(YOUR GOAL)
Take the line that holds "CARAT SIZE: 2.104" and every line after it to the end of the entries, and repeat them exactly without the pictures.
==== MATERIAL PROVIDED
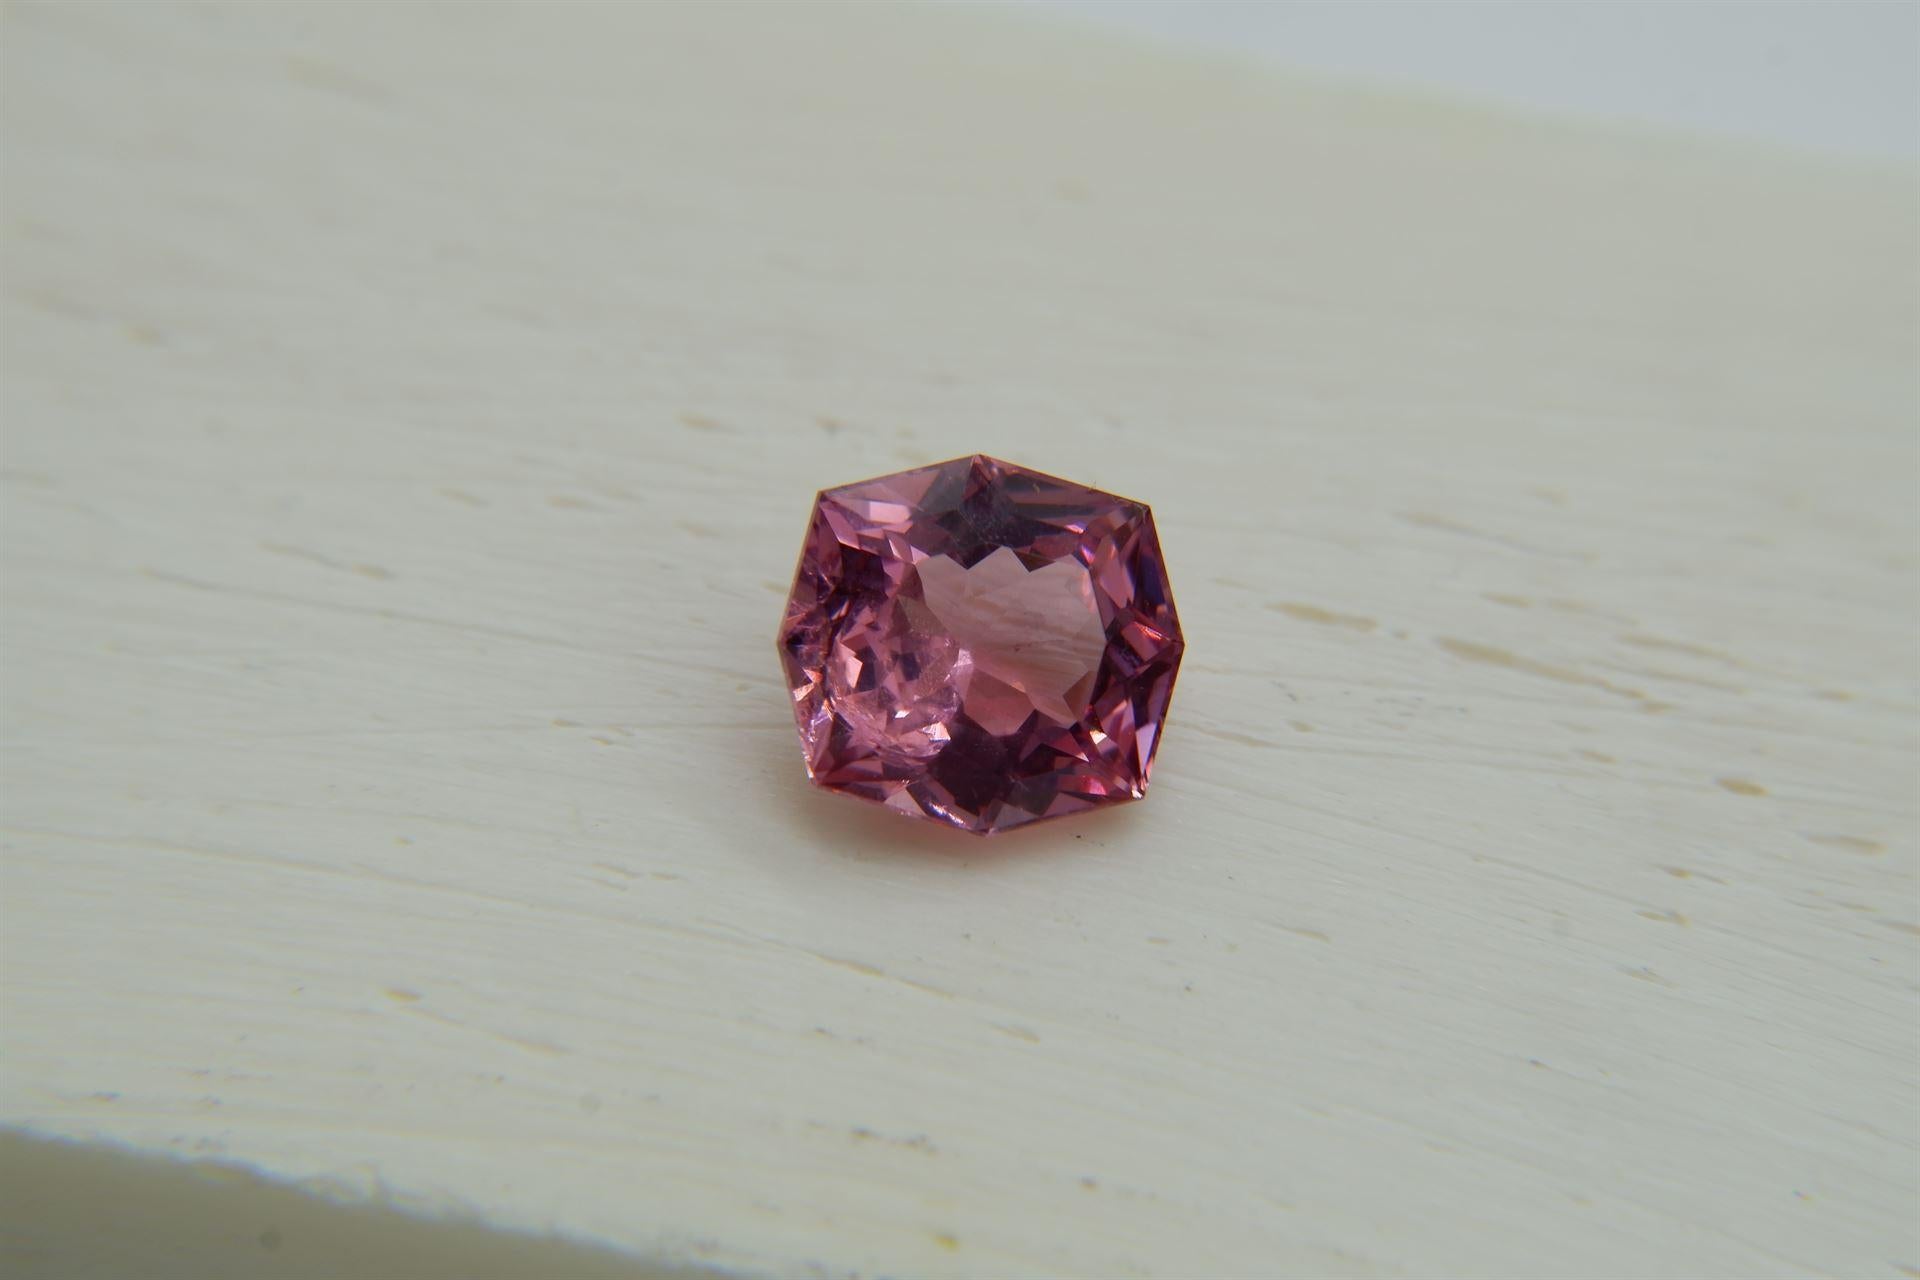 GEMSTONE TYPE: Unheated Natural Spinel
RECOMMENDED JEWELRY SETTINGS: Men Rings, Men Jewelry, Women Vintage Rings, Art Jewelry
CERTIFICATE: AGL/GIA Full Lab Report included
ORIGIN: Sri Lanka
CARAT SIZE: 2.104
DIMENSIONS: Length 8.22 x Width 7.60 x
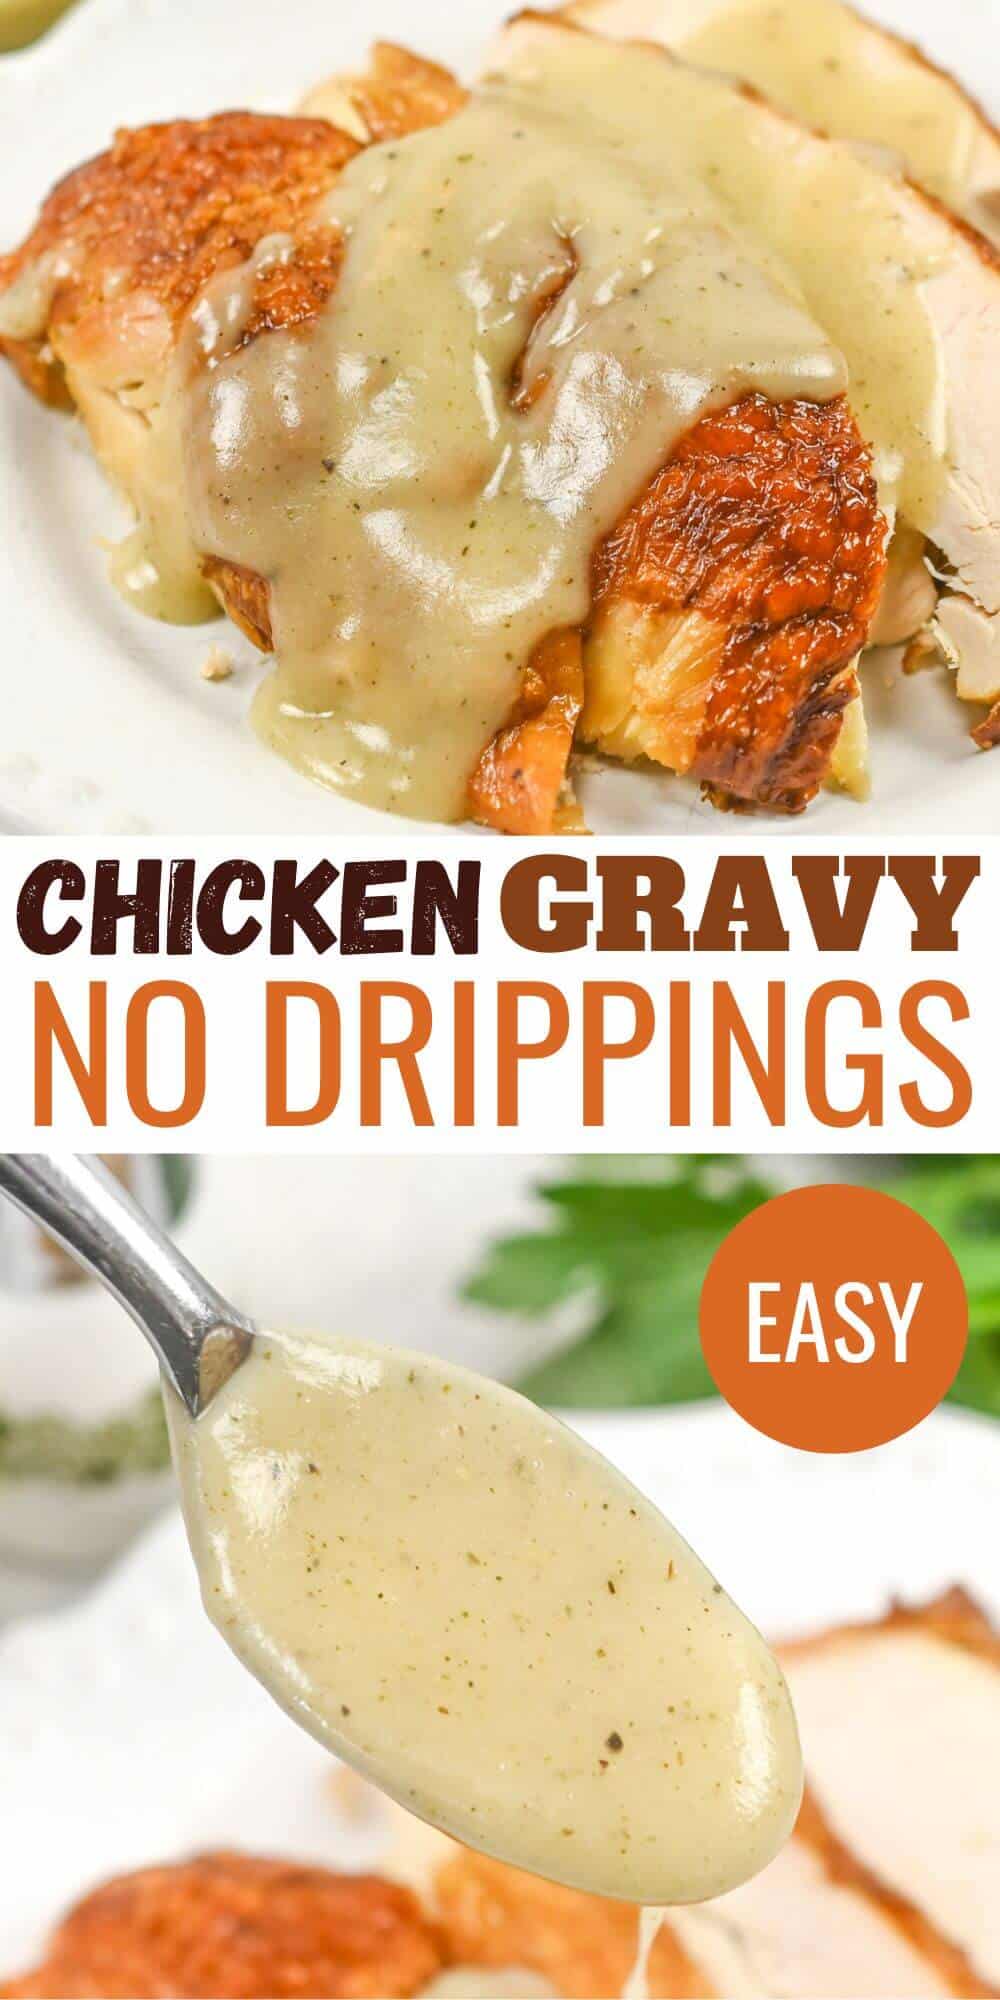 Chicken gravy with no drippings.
========
(TASK RESPONSE)
CARAT SIZE: 2.104
DIMENSIONS: Length 8.22 x Width 7.60 x
 Chicken gravy with no drippings.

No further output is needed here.